Psoriasis is now recognized as a collective of maladaptive inflammatory responses occurring in the skin and other organs that signal significant disruption of the innate and adaptive immune systems.3 The keratinocytes throughout the dermal layers proliferate unchecked, and then interact other cells via multiple pathways. Although many of these remain unknown, the TNF-alpha-IL-23-Th17 pathway has been identified in plaque psoriasis, opening the door to therapies designed to act via this pathway.3 Likewise, T-cell suppression therapies (such a cyclosporin) have demonstrated a key function to T cells in the initiation of psoriasis. 3 B-cell mechanisms have also been implicated in supporting continued T-cell dysfunction, and therapies that act to reduce B-cell production (such as anti-CD20 monoclonal antibodies) have shown promising effects in early trials.3
Once the inflammatory process has been triggered, activation of the adaptive immune response becomes a primary mechanism driving continued proliferation of TH17 cytokines that makes psoriasis a sustained and chronic condition.3 This mechanism is also undergoing investigation.
Influence of Stress
Physical and psychological stress have long been closely associated with the development of psoriasis.

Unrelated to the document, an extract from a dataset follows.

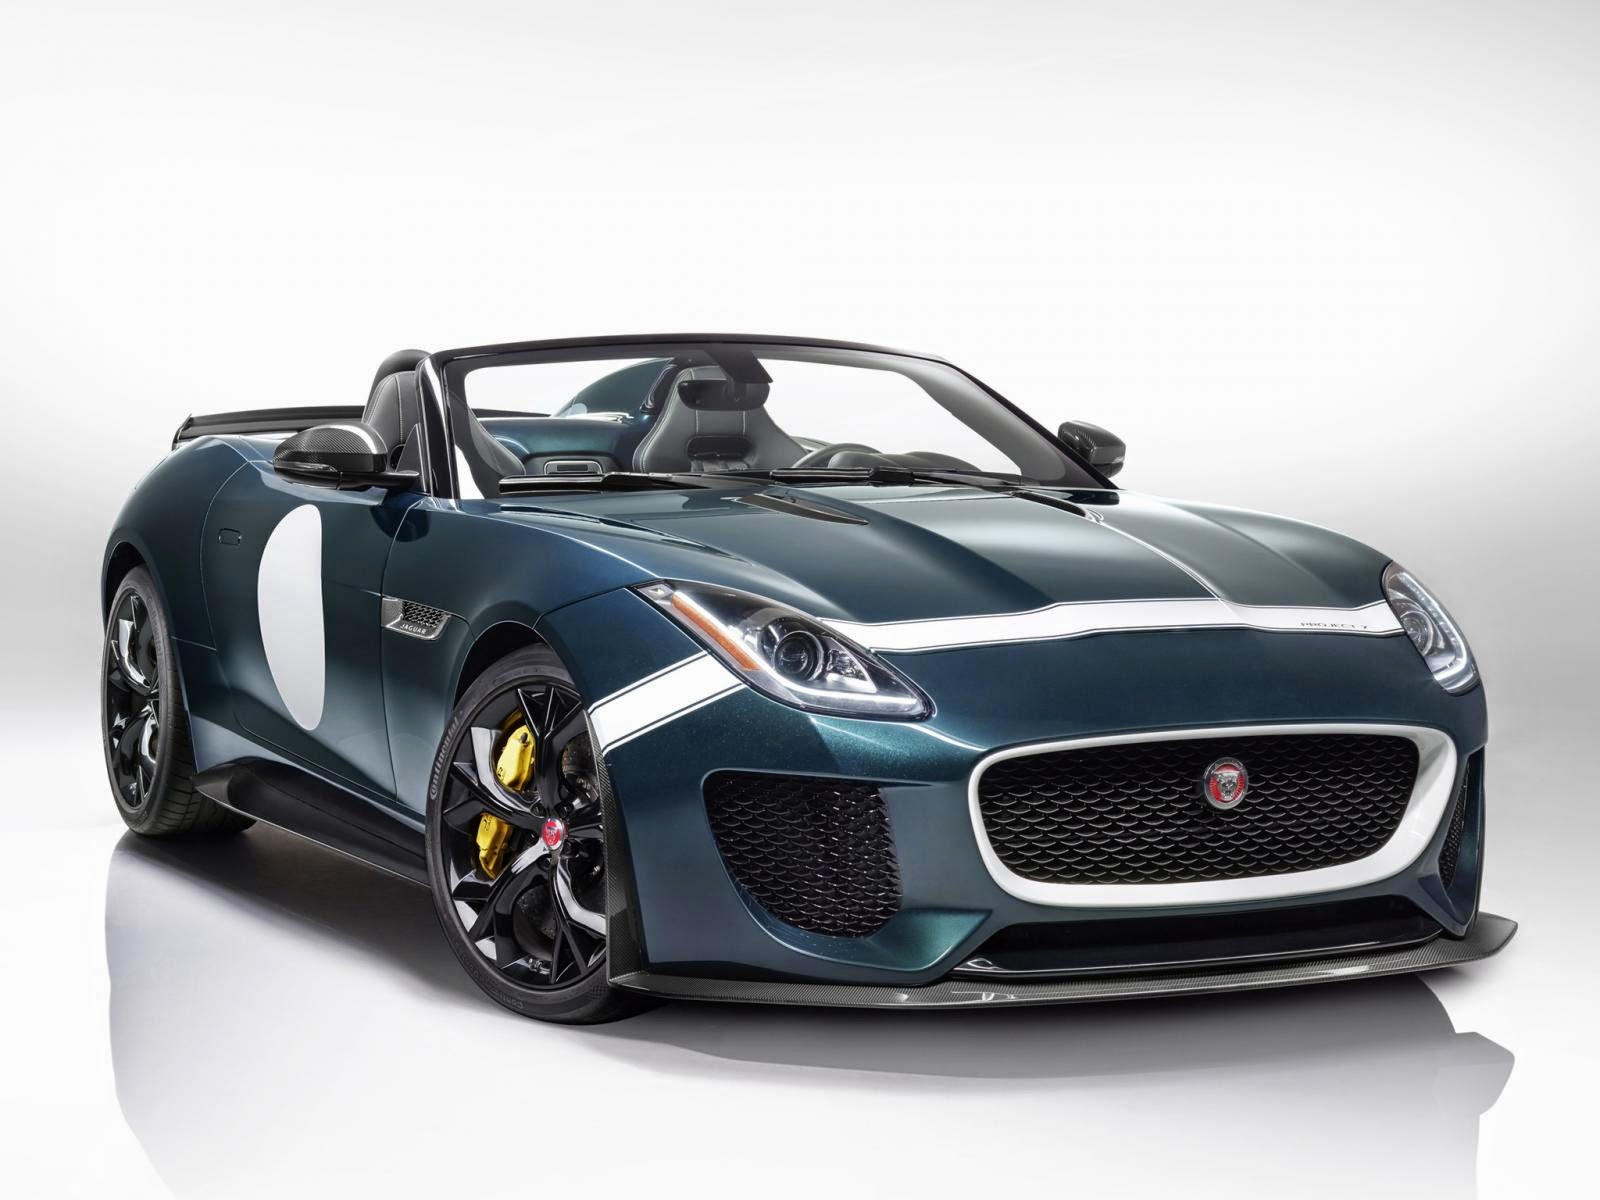 [Resim: Jaguar+Project+7+1.jpg]

Sleep deprivation is a well-recognized trigger.6 More recently, the dual role of psychological stress as both a cause and a consequence of psoriasis have been examined. Stress is mediated via both the hypothalamic-pituitary-adrenal axis and the sympathetic-adrenal medullary axis to have effects on the peripheral nervous system and the immune system, which helps to explain the wide range of potential comorbidities to psoriasis.6
Effective, Targeted Therapies
Exploration of immunologic mechanisms in psoriasis are in early stages of study, but promise to yield important clues to its pathogenesis, and more importantly, to direct the continued search for effective targeted drug therapies.

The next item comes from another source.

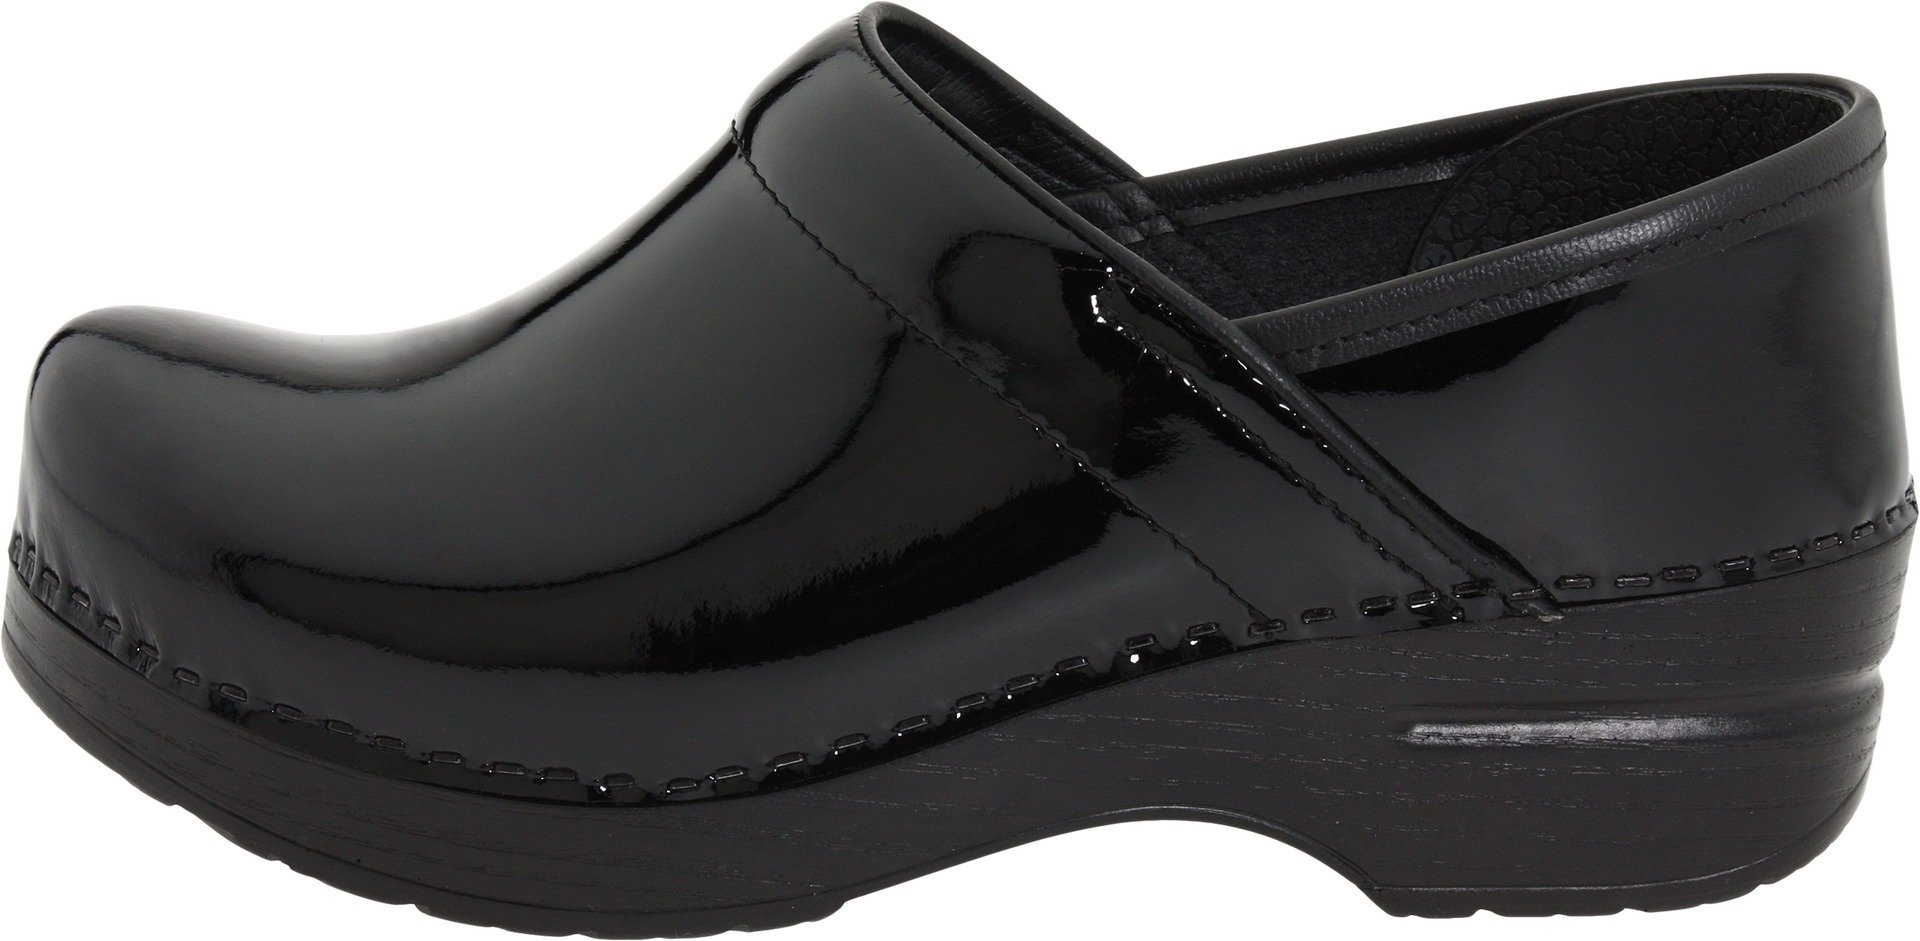 Dansko Women's Professional Patent Leather Clog,Black Patent,37 EU / 6.5-7 B(M) US by Dansko (Image #5)

1. Grän F, Kerstan A, Serfling E, Goebeler M, Muhammad K. Current Developments in the Immunology of Psoriasis. Yale J Biol Med. 2020 Mar 27;93(1):97-110.
2. Hugh JM, Weinberg JM. Update on the pathophysiology of psoriasis. Cutis. 2018 Nov;102(5S):6-12.

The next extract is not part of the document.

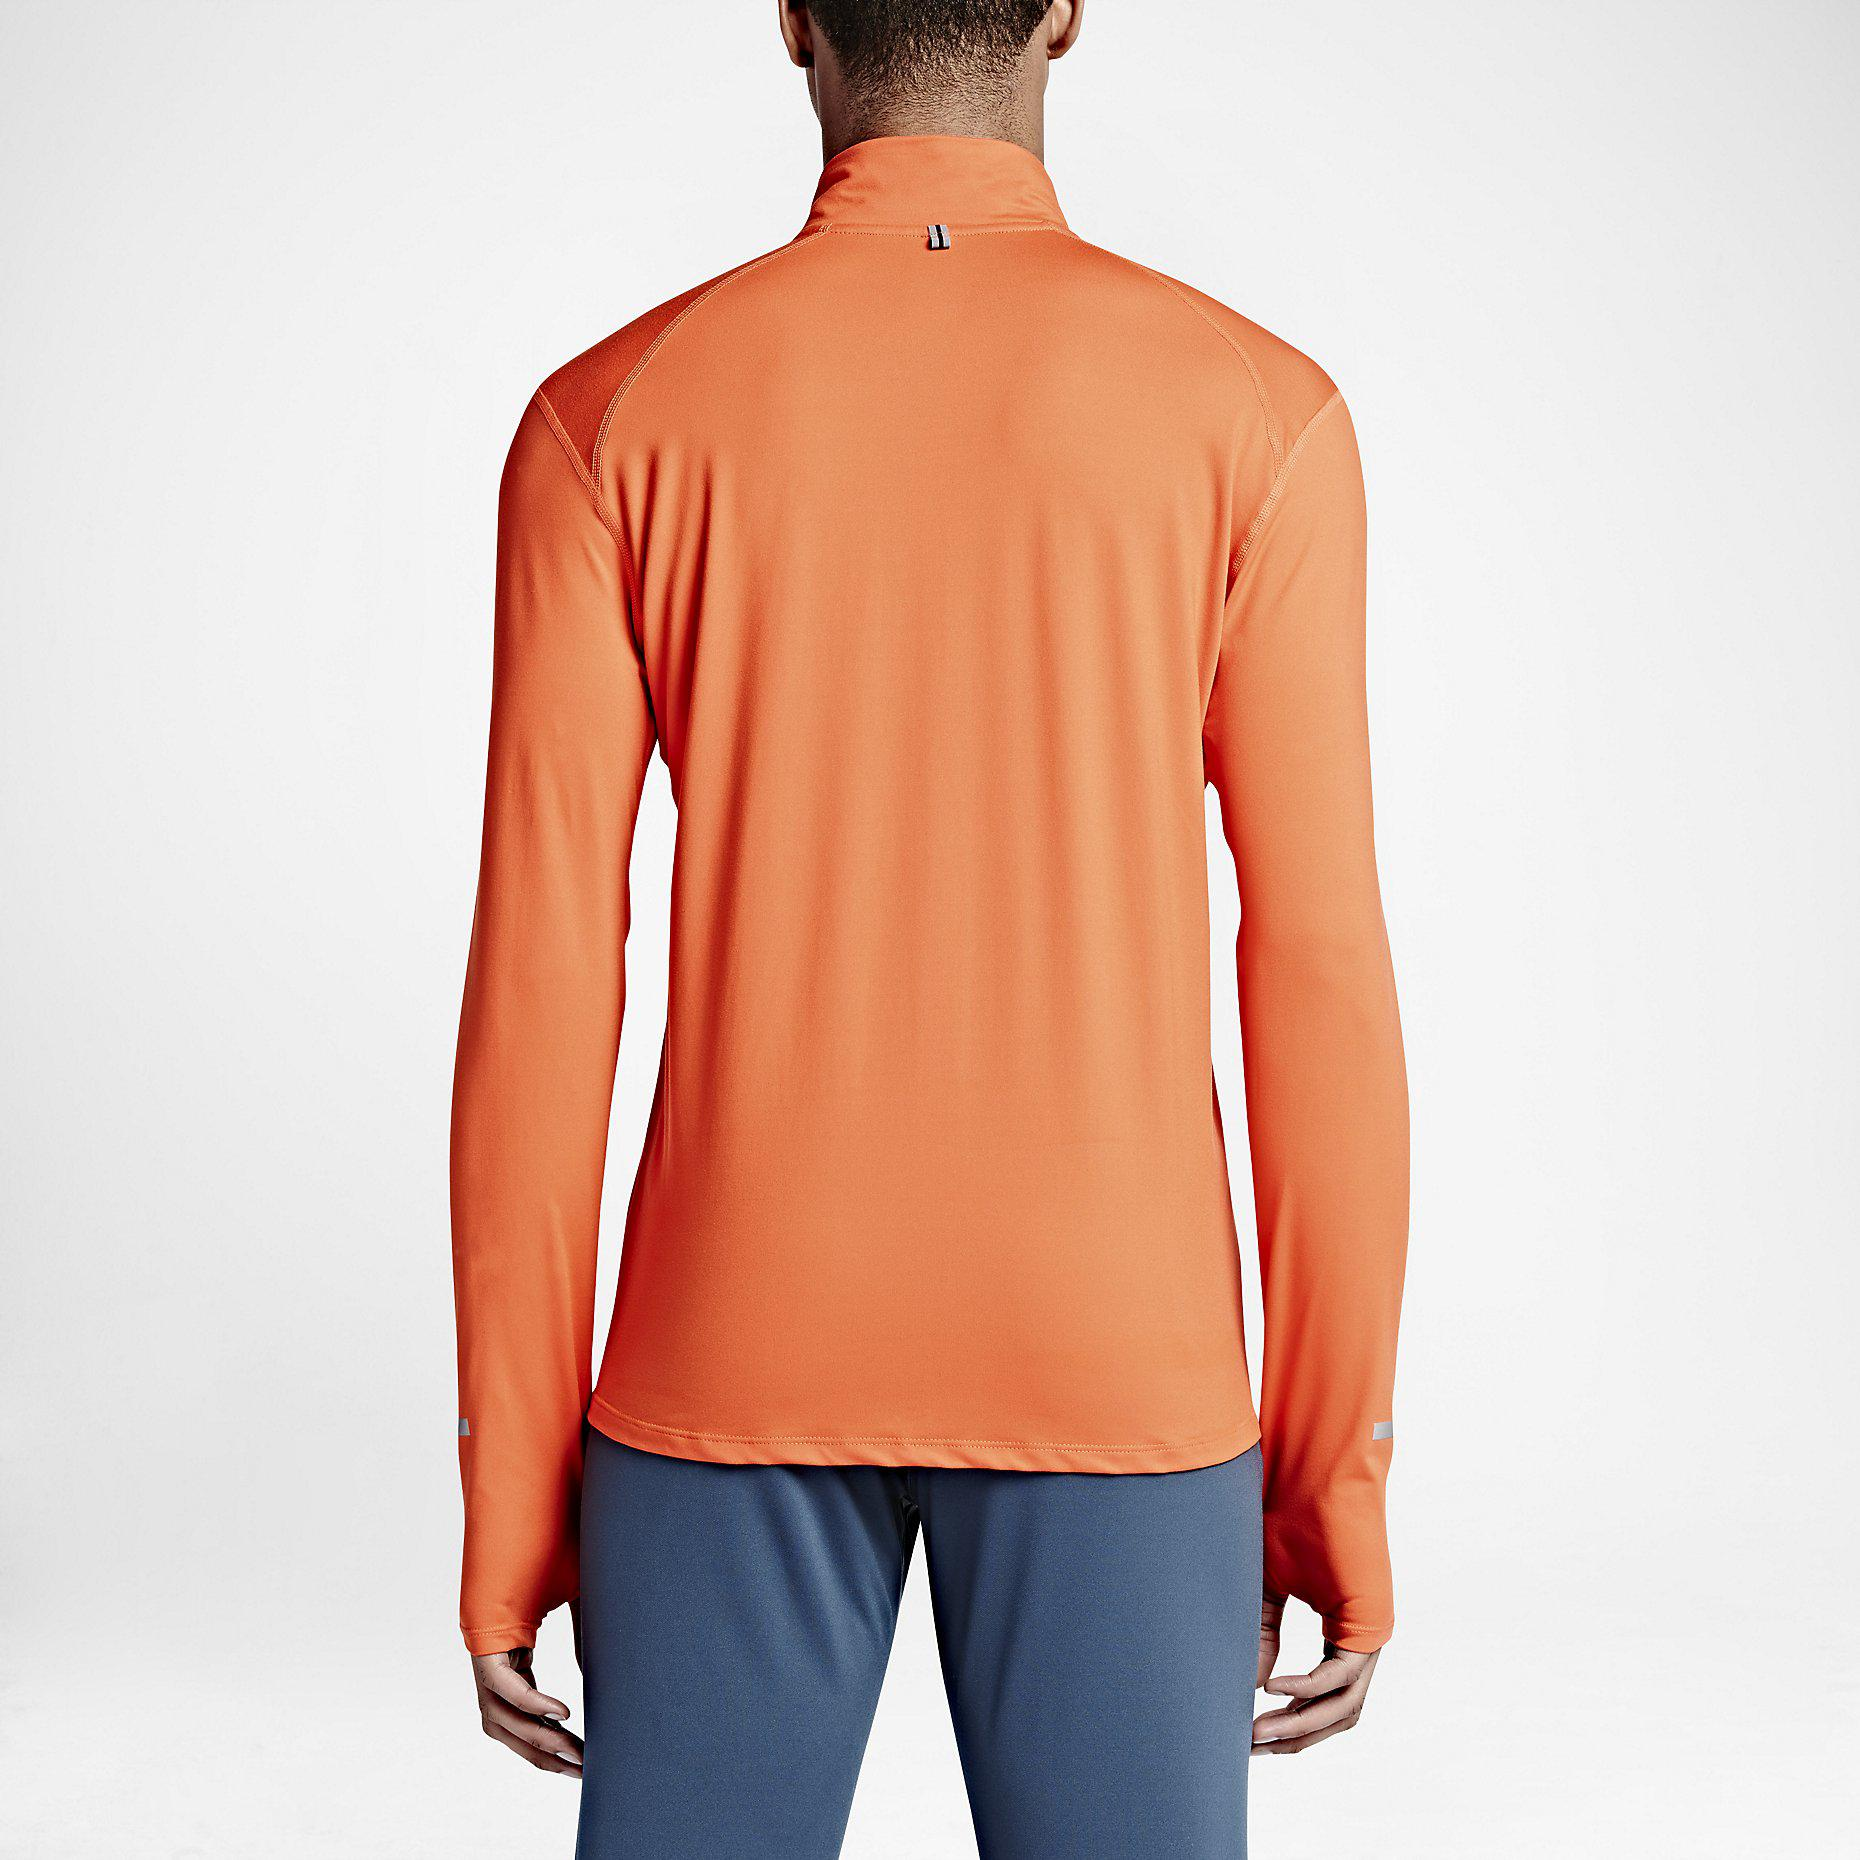 3a23f47c7 Nike Mens Dri-FIT Element Half-Zip Top - Team Orange - Tennisnuts.com

3. Rendon A, Schäkel K. Psoriasis Pathogenesis and Treatment. Int J Mol Sci. 2019 Mar 23;20(6):1475.
4. Rajguru JP, Maya D, Kumar D, Suri P, Bhardwaj S, Patel ND. Update on psoriasis: A review. J Family Med Prim Care. 2020;9(1):20-24.
5. Ogawa K, Okada Y. The current landscape of psoriasis genetics in 2020. J Dermatol Sci. 2020 Jul;99(1):2-8. doi: 10.1016/j.jdermsci.2020.05.008
6. Yang H, Zheng J. Influence of stress on the development of psoriasis. Clin Exp Dermatol. 2020 Apr;45(3):284-288. doi: 10.1111/ced.14105
7. Komine M. Recent Advances in Psoriasis Research; the Clue to Mysterious Relation to Gut Microbiome. Int J Mol Sci. 2020;21(7):2582.